In 1965 Altair began to be phased out by another clone called the FW4, made by UTC of San Jose. The fiberglass cased FW4 was externally a slot-in replacement for ABL's Altair, and a lot of reference books fail to make the distinction between them. However, FW4 was more powerful and had the highest mass fraction of any contemporary stage. FW4 became the standard Scout and Delta third stage and was also used on the later OV1 and Burner 1 missions. It last flew on a 1983 Scout mission, being phased out in its turn by Thiokol's Star 20, also known as Altair III.

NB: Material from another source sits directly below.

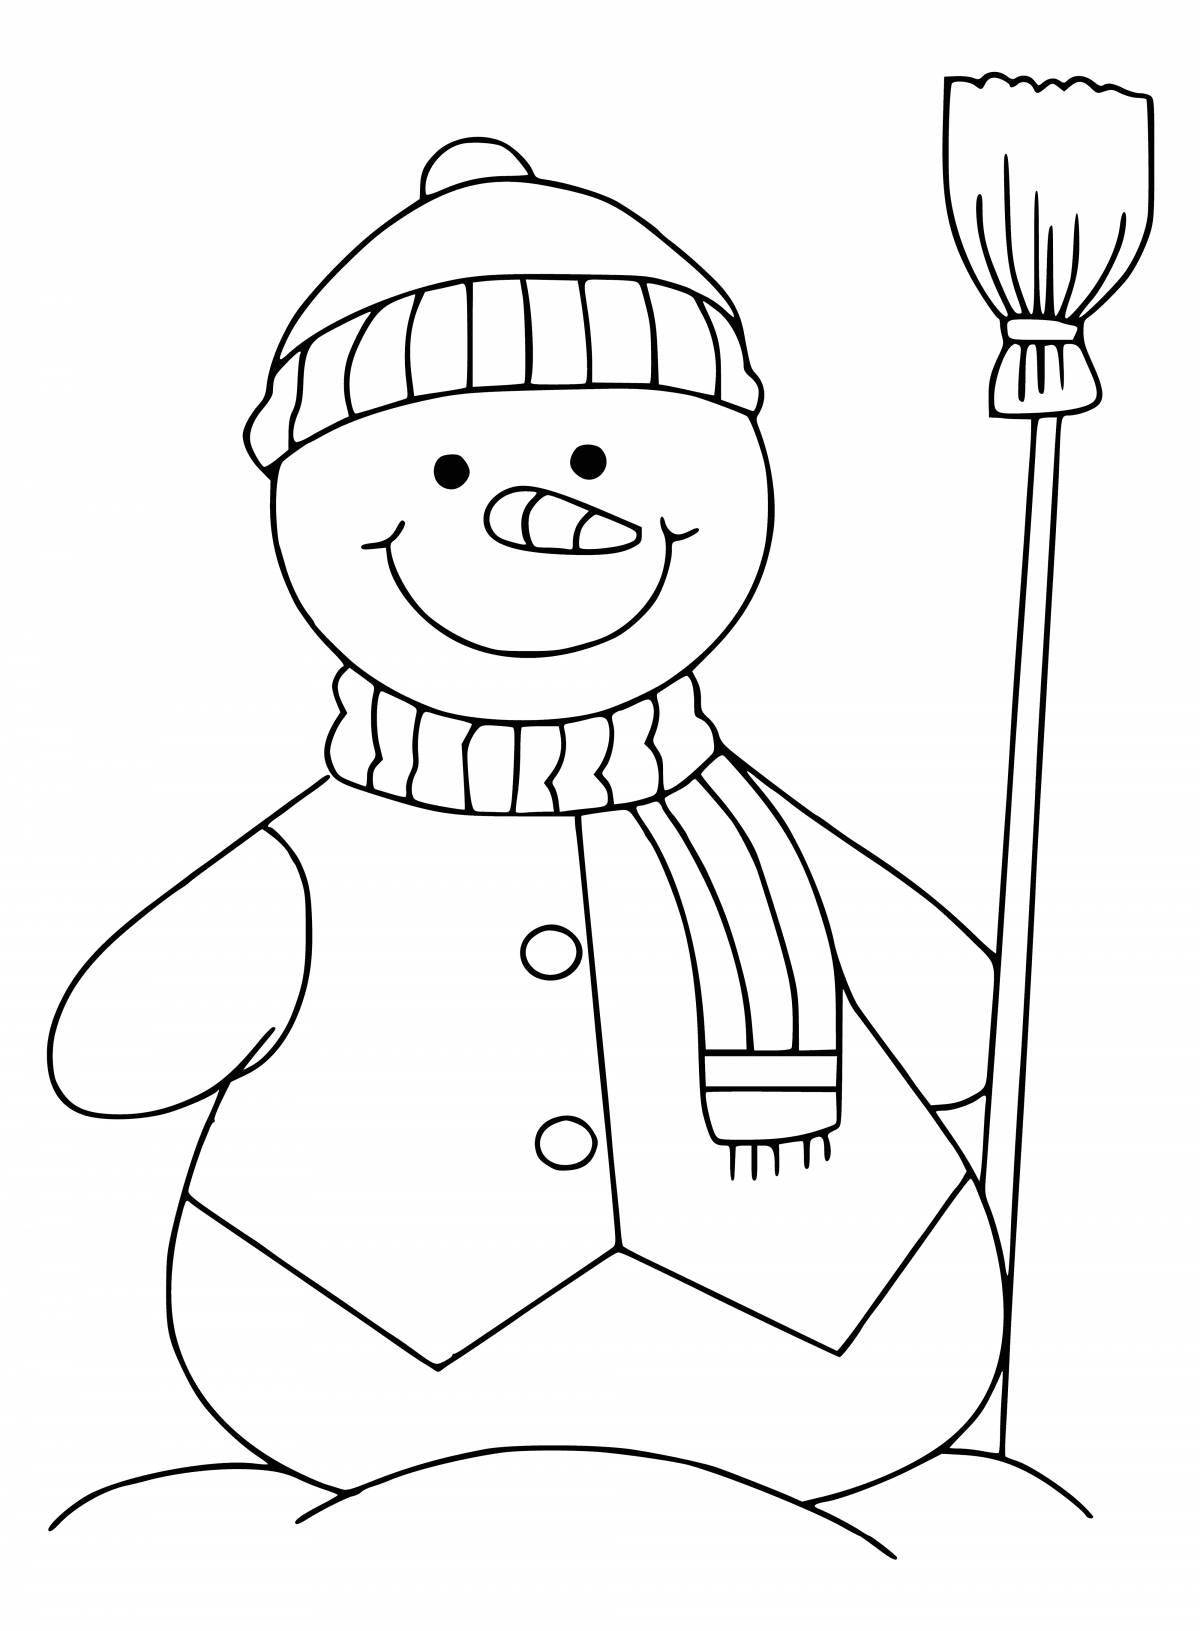 Magic snowman day coloring page

Another widely used motor is Thiokol's Star 37, which well illustrates the diverse uses that a single motor design may be put to. The first Star 37 was developed as the soft-landing retromotor for the Surveyor lunar probes in the 1960s. Shortly afterwards, it was drafted for use as the upper stage on the Thor Burner 2 rocket used to launch military weather satellites, before reaching its most well known role as the Delta rocket's final stage for most of the 1970s, replacing the Altair series in that role. The Star 37 was also used as a kick stage to boost the Pioneer and Voyager probes on their way to the outer planets, and the Helios probes down toward the Sun, the only times the Atlas Centaur and Titan Centaur probes have used an extra stage beyond the Centaur. Star 37 was also used as a payload orbit insertion motor with Atlas and Thor: the launch vehicle inserted the payload on a suborbital trajectory, and the Star 37, which is counted as part of the payload, fires at apogee to place Tiros-N class weather satellites or other payloads in their final orbits. Most recently, as launch vehicle power has increased, the Star 37 has been used as an apogee motor for the GPS navigation satellites, continuing 30 years of growth for the same basic design.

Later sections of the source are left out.